Además estaban Amón, Moab, los antiguos edomitas, ahora idumeos, y los
filisteos, que en la reconstrucción del Templo vieron un resurgir del imperialismo
judío. Naturalmente, toda la región estaba bajo el dominio persa, por lo que no
podían hacer uso de la fuerza, pero sí empezaron a urdirse intrigas para
indisponer a los judíos frente a la autoridad persa. No fue difícil conseguirlo. Por
aquel entonces los judíos tenían dos profetas
destacados: Ageo y Zacarías. Ambos consideraban a Zorobabel como el Mesías
(al parecer, Ciro II no dio la talla, después de todo), así que no debió de ser difícil
convencer a los persas de que los judíos pretendían convertir en rey a Zorobabel.

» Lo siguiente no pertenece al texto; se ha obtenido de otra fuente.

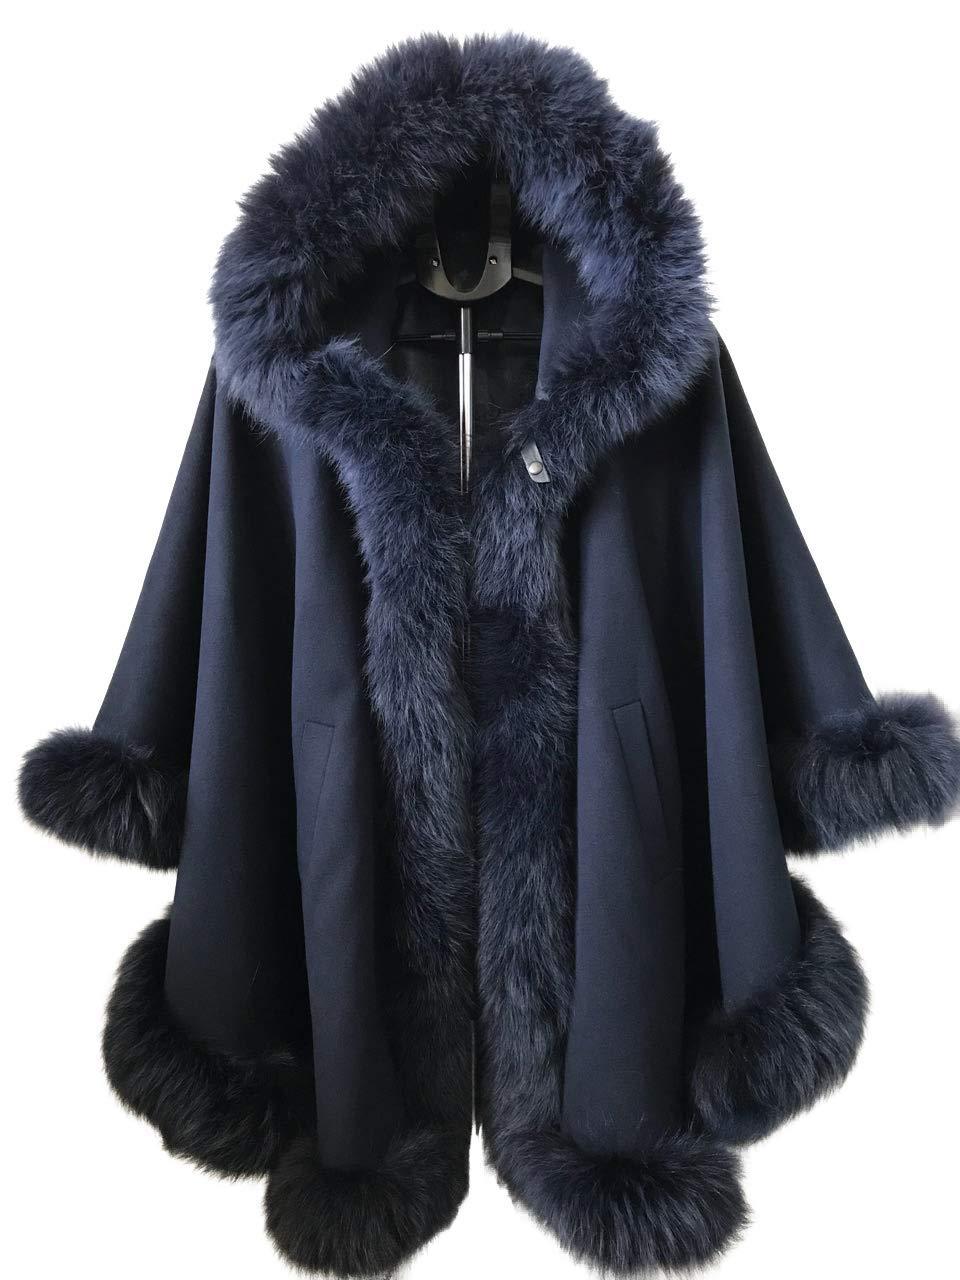 Poncho Cape hood cashmere Cheap bargain fur Max 89% OFF trim fox

No conocemos los detalles, pero lo cierto es que Zorobabel desaparece de la
historia y la autorización para construir el Templo fue revocada (tal vez no por el
propio Ciro II, sino por alguno de sus funcionarios locales). Probablemente
Zorobabel fue ejecutado como rebelde, pero los autores bíblicos no consideraron
oportuno mencionarlo.
Durante la ausencia de Ciro II, su hijo mayor estaba en Babilonia como regente.
Al conocerse la muerte de su padre le sucedió en el trono sin ningún incidente,
con el nombre de Cambises II. Pronto se dirigió al este a completar los
proyectos que su padre había dejado inacabados.